We here report a genome-editing strategy to correct spinal muscular atrophy (SMA). Rather than directly targeting the pathogenic exonic mutations, our strategy employed Cas9 and guide-sgRNA for the targeted disruption of intronic splicing-regulatory elements. We disrupted intronic splicing silencers (ISSs, including ISS-N1 and ISS + 100) of survival motor neuron (SMN) 2, a key modifier gene of SMA, to enhance exon 7 inclusion and full-length SMN expression in SMA iPSCs. Survival of splicing-corrected iPSC-derived motor neurons was rescued with SMN restoration.

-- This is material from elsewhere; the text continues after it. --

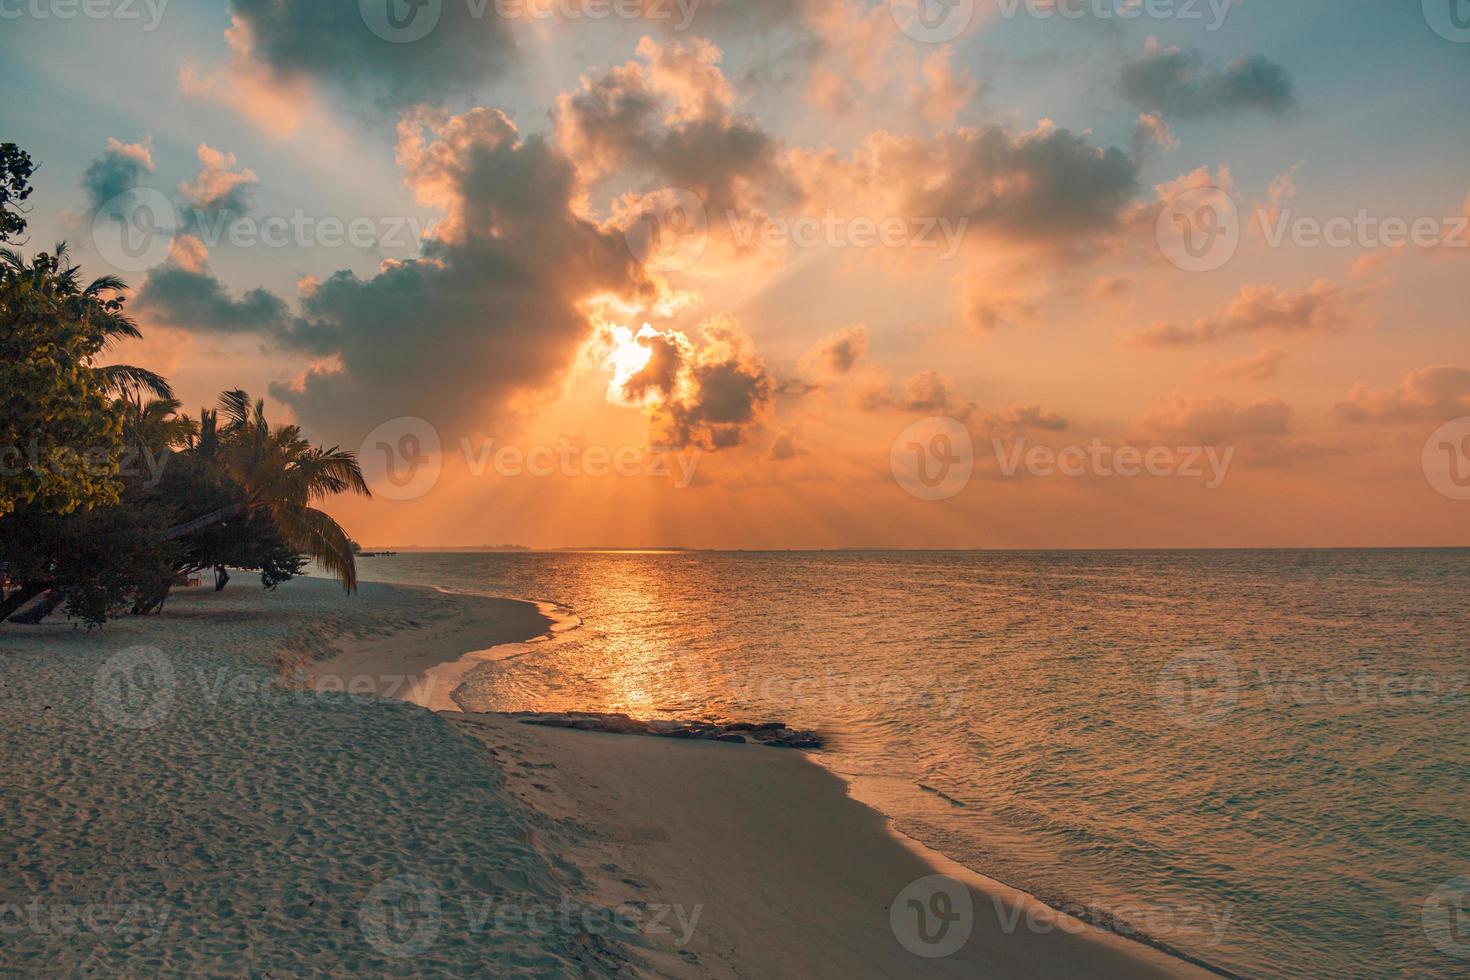 fantástica cena de praia do sol. céu colorido e nuvens vista com mar calmo e clima tropical relaxante. raios de sol, paisagem de ilha paradisíaca romântica, silhueta de palmeiras, noite de praia incrível foto

Furthermore, co-injection of Cas9 mRNA from Streptococcus pyogenes (SpCas9) or Cas9 from Staphylococcus aureus (SaCas9) alongside their corresponding sgRNAs targeting ISS-N1 into zygotes rescued 56% and 100% of severe SMA transgenic mice (Smn^−/−, SMN2^tg/−). The median survival of the resulting mice was extended to >400 days. Collectively, our study provides proof-of-principle for a new strategy to therapeutically intervene in SMA and other RNA-splicing-related diseases.

中文翻译：

---

使用 CRISPR/Cas9 破坏剪接调节元件以挽救人类 iPSC 和小鼠的脊髓性肌萎缩症

我们在这里报告了一种纠正脊髓性肌萎缩症 (SMA) 的基因组编辑策略。我们的策略不是直接针对致病性外显子突变，而是采用 Cas9 和 guide-sgRNA 来靶向破坏内含子剪接调控元件。我们破坏了运动神经元存活 (SMN) 2 的内含子剪接消音器（ISS，包括 ISS-N1 和 ISS + 100），这是 SMA 的一个关键修饰基因，以增强 SMA iPSC 中的外显子 7 包含和全长 SMN 表达。通过 SMN 修复挽救了剪接校正后的 iPSC 衍生运动神经元的存活。此外，共注射来自化脓性链球菌(SpCas9) 的 Cas9 mRNA 或来自金黄色葡萄球菌的 Cas9(SaCas9) 及其相应的 sgRNA 将 ISS-N1 靶向受精卵，拯救了 56% 和 100% 的严重 SMA 转基因小鼠（Smn ^-/-，SMN2 ^tg/-）。所得小鼠的中位存活期延长至 >400 天。总的来说，我们的研究为治疗干预 SMA 和其他 RNA 剪接相关疾病的新策略提供了原理证明。